Industrial security How secure is your company?

Malfunctions and viruses, e.g., from the office environment, can be transferred directly to the production area.

Solution: Network segmentation

By splitting large networks into small segments, data exchange between the various zones, such as between production and the office or between different system parts, can be controlled. The individual segments can be separated by using VLANs or firewalls. Routers or layer 3 switches then need to be used for communication between the individual network segments. These devices intercept typical network errors, preventing them from spreading further to the rest of the network.

Malware is generally designed to spread to neighboring systems and infect them as well. One example of this is the WannaCry malware that infected unpatched Windows systems.

Solution: Restricting communication

The spread of malware can be restricted or prevented by using firewalls. If you were to eliminate all of the communication options that are not technically necessary, many of these attacks would not even be possible. In addition, industrial integrity monitoring (e.g., CIM) helps you detect and halt the impact of changes and manipulations to Windows-based systems, such as controllers, operator interfaces, or PCs, in good time.

Criminals can copy data or make changes to the system via an open Internet connection.

Solution: Encrypted data transmission

It should not be possible to access automation systems from the Internet. This protection is achieved by using a firewall for Internet access, which restricts all incoming traffic as well as the outgoing traffic to the requisite, authorized connections. All wide area connections should be encrypted, for example by VPN with IPsec.

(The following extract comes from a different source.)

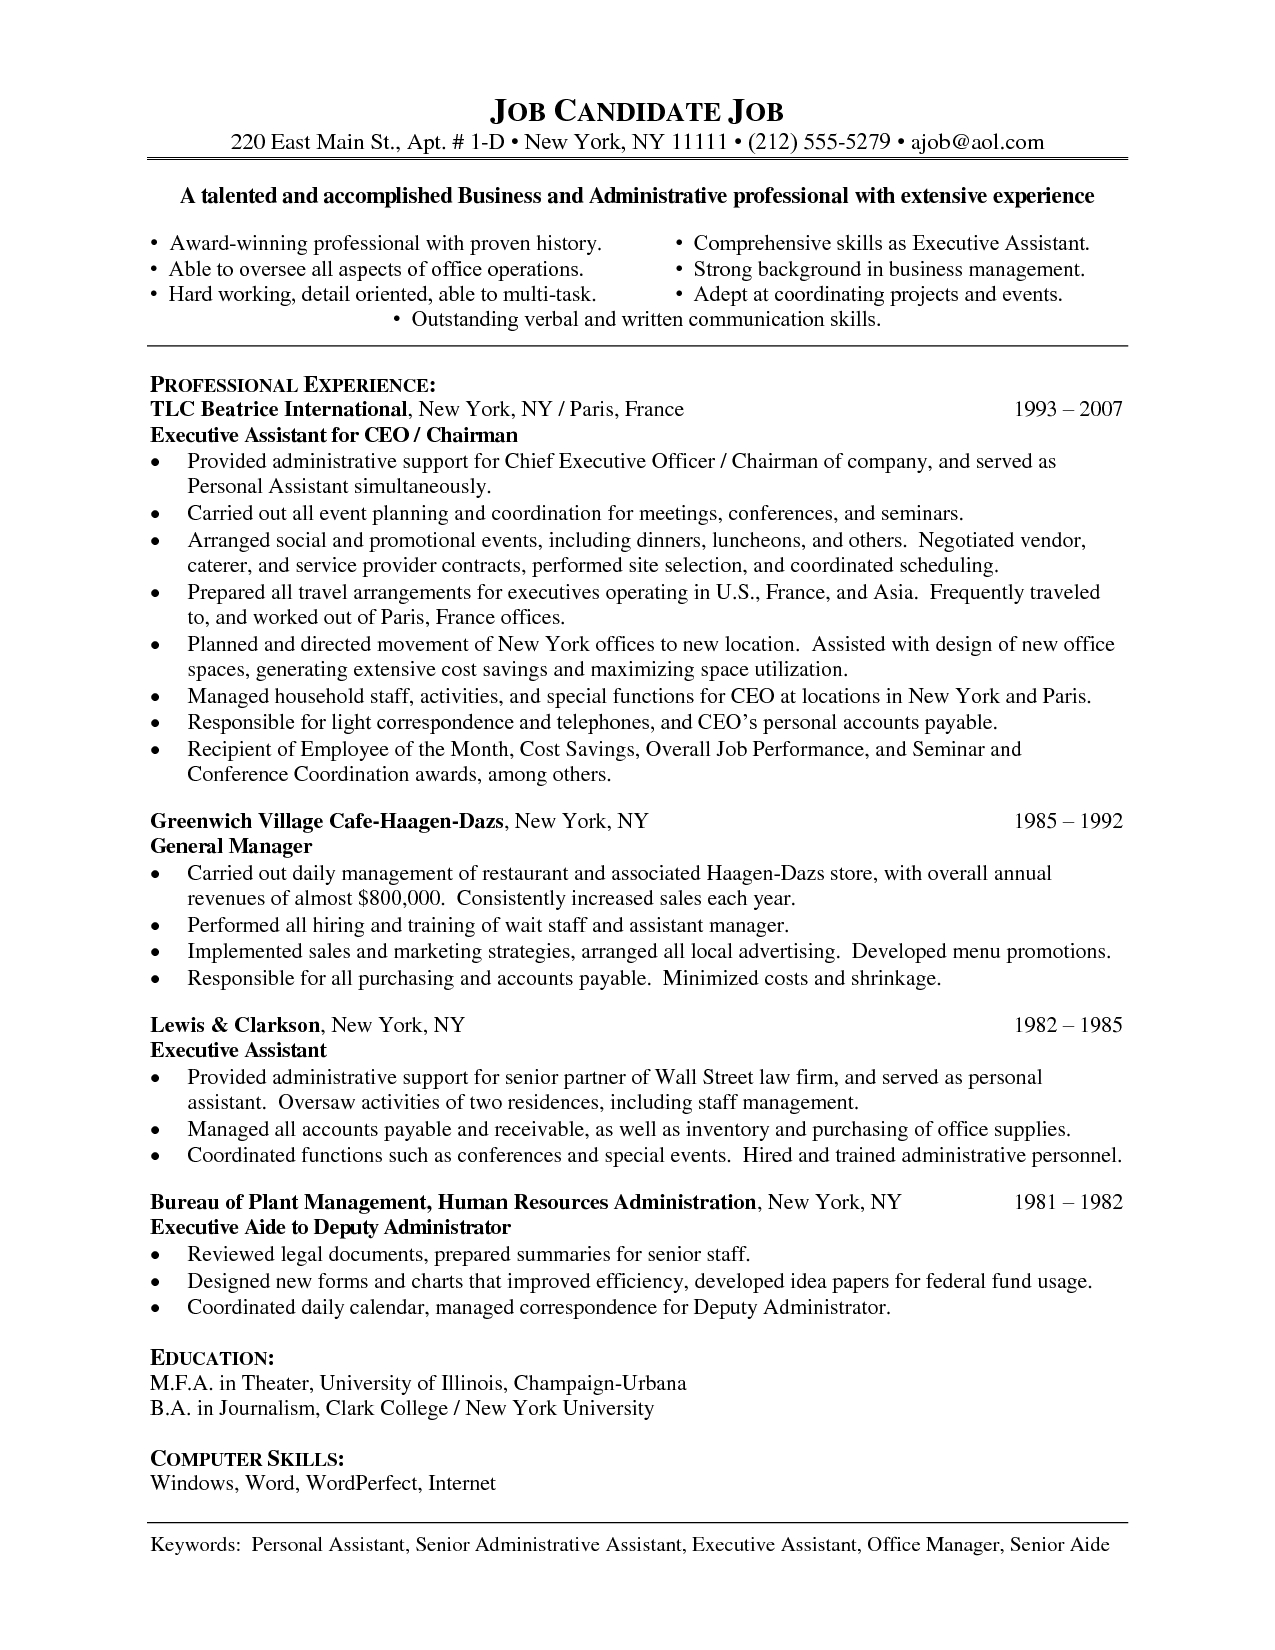 Resume Examples Office  Admin Resumes Templates Sample Resume For Office Managermedical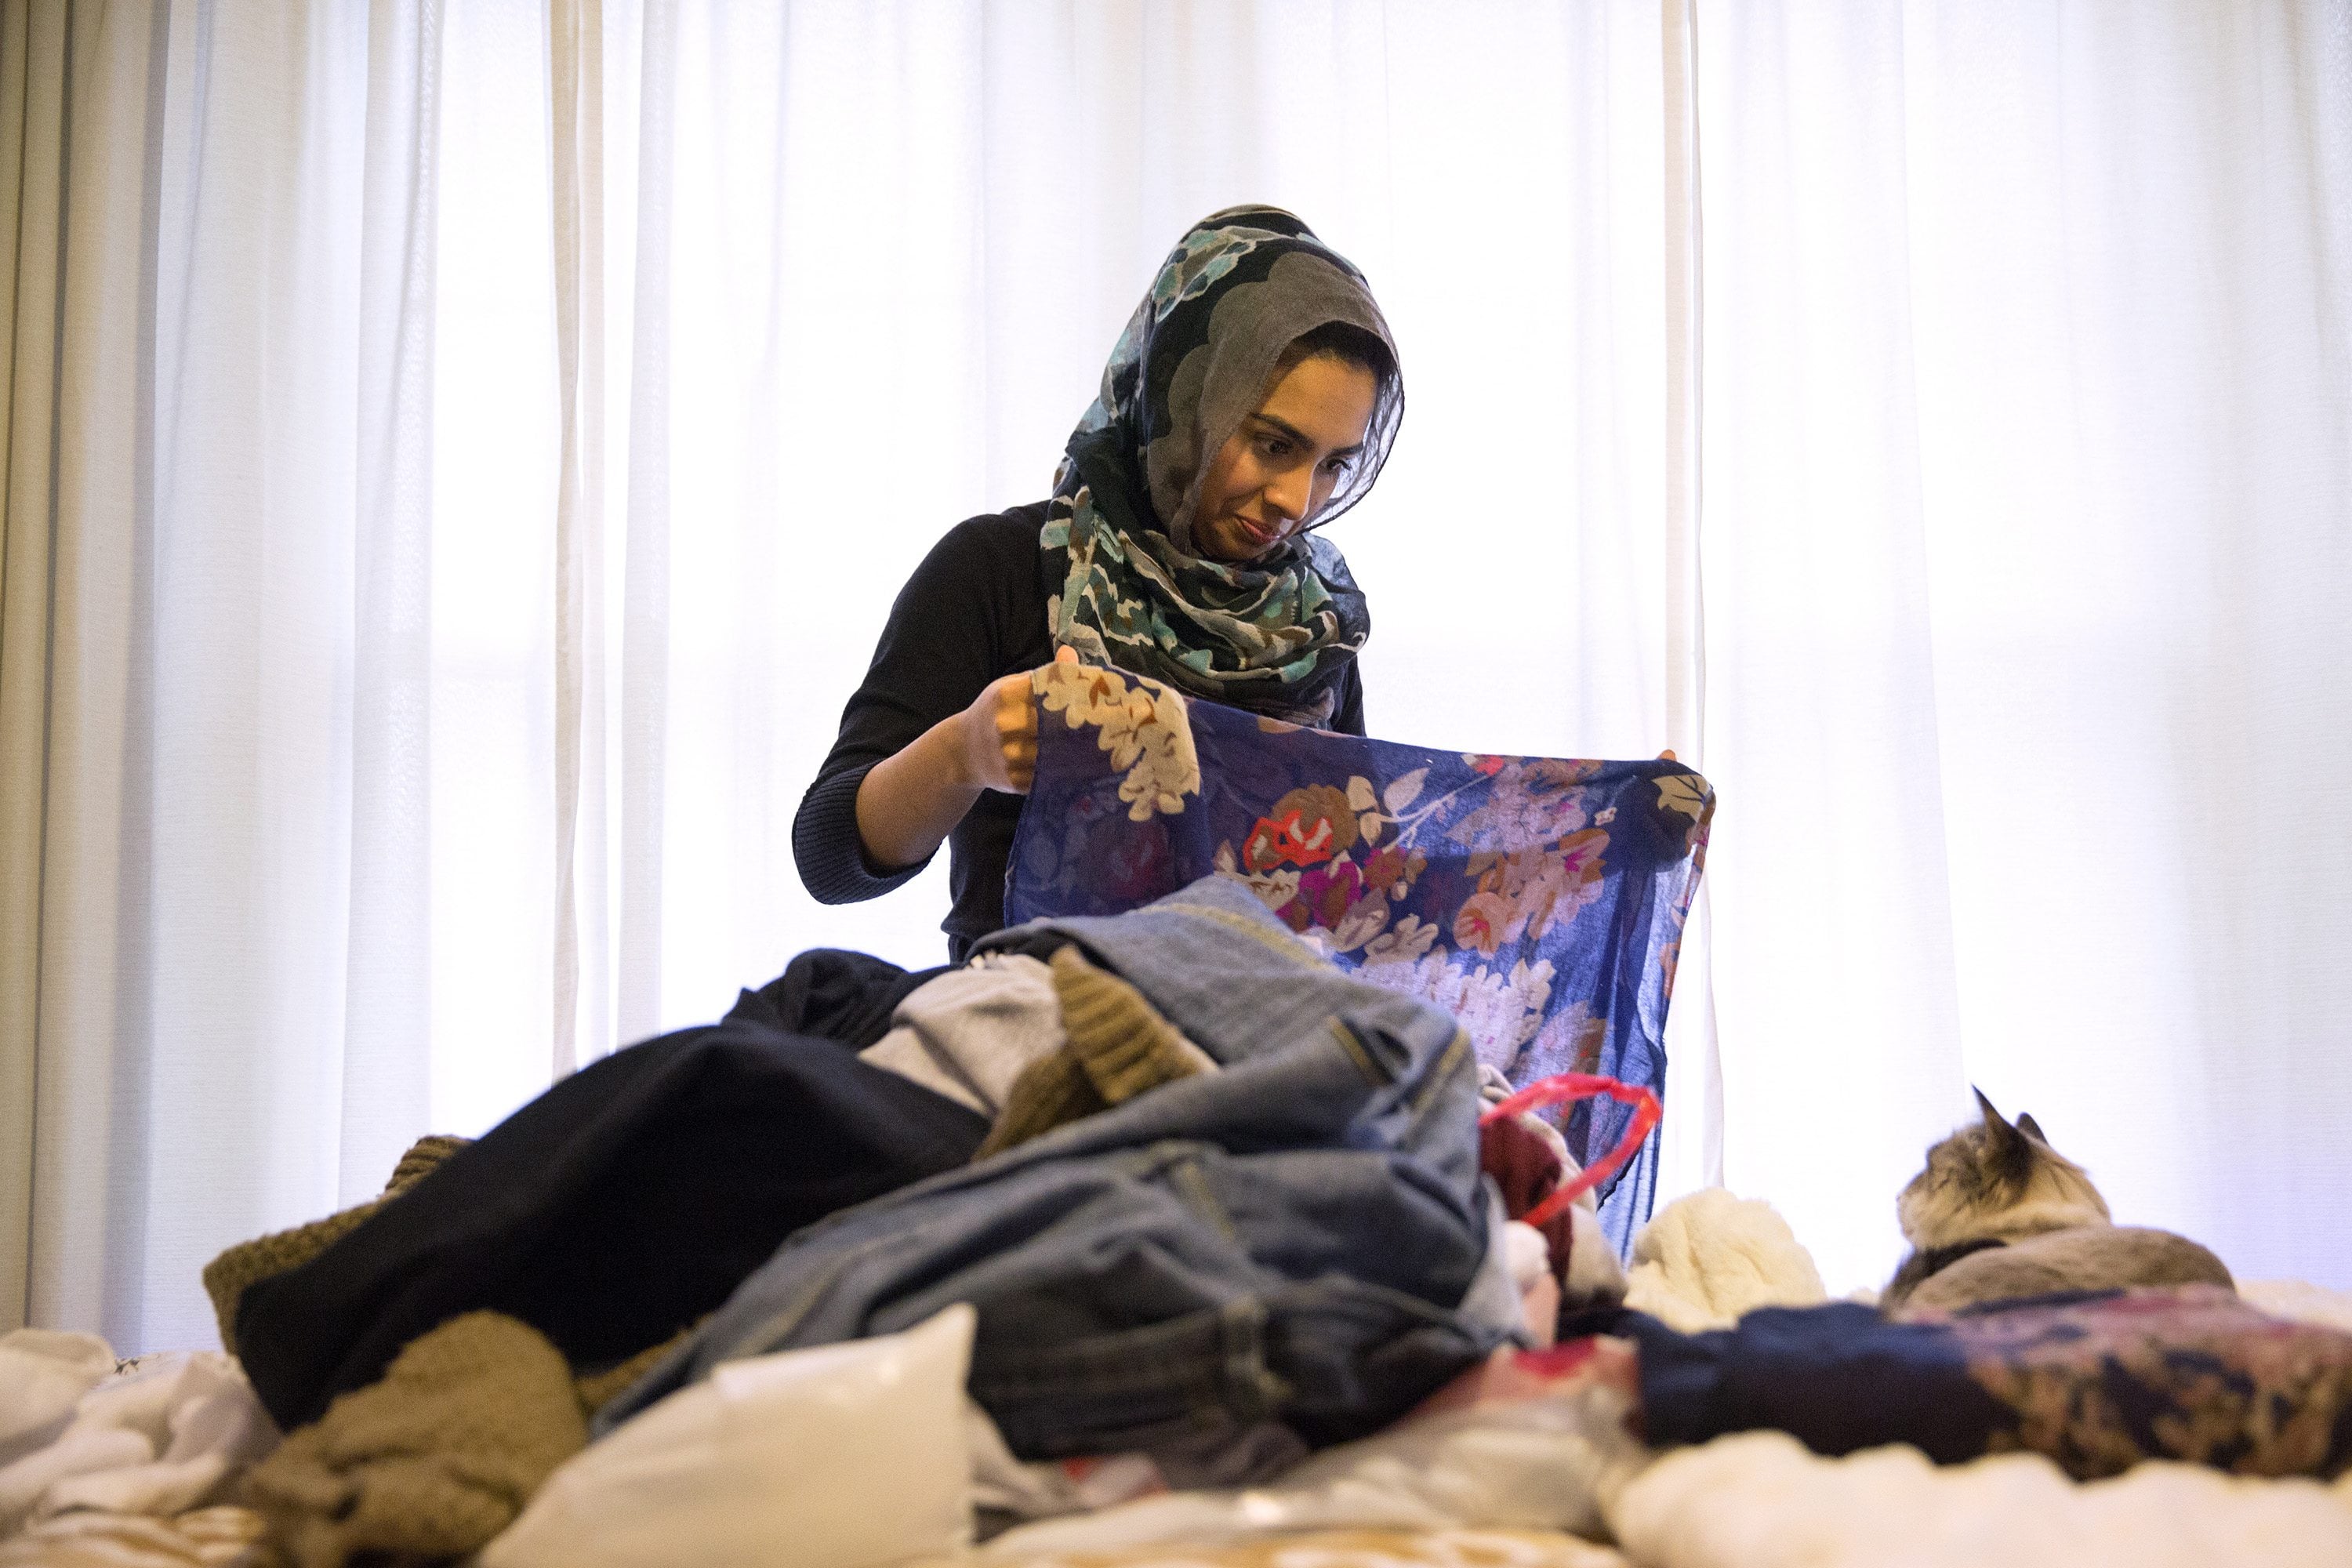 Saarah Bhaiji, 16, folds one of her many headscarves at her home Jan. 31 in Glenview, Ill. Bhaiji teaches at the Muslim Education Center in Morton Grove on Sundays and attends Glenbrook South High School as a junior during the week, where she said her experience as a Muslim has been mostly positive.

Infected hardware, such as USB sticks or laptops, can transfer malware to the network.

Solution: Protect ports

Using the port security function, you can make settings directly on your network components preventing unknown devices from exchanging data with the network. Furthermore, any available ports that are not required should be switched off. Some components also offer the option of sending alerts via SNMP and signal contact if unauthorized access to the network is registered.

Changes are inadvertently made to the wrong system from a remote location.

Solution: Secure remote access

Secure remote access to one or more machines can be implemented using different technological solutions. First, outbound communication can be encrypted, such as via IPsec or OpenVPN. Second, remote maintenance can be initiated via a key switch on the machine.

This ensures that only intended changes are made to the machine. At the same time, the key switch also enables the communication rules in the network to be blocked while remote maintenance is being carried out.

Unauthorized smart devices connect themselves via the WLAN interface.

Solution: Secure WLAN password assignment

If WLAN passwords are known and have not been changed in a long time, this also affords third parties uncontrolled access to the machine network. WLAN components from Phoenix Contact therefore enable automated key management by the machine control system. This means that secure WLAN machine access can be easily implemented in the form of one-time passwords.

In addition, WLAN communication can be protected and isolated from the rest of the network using a demilitarized zone (DMZ).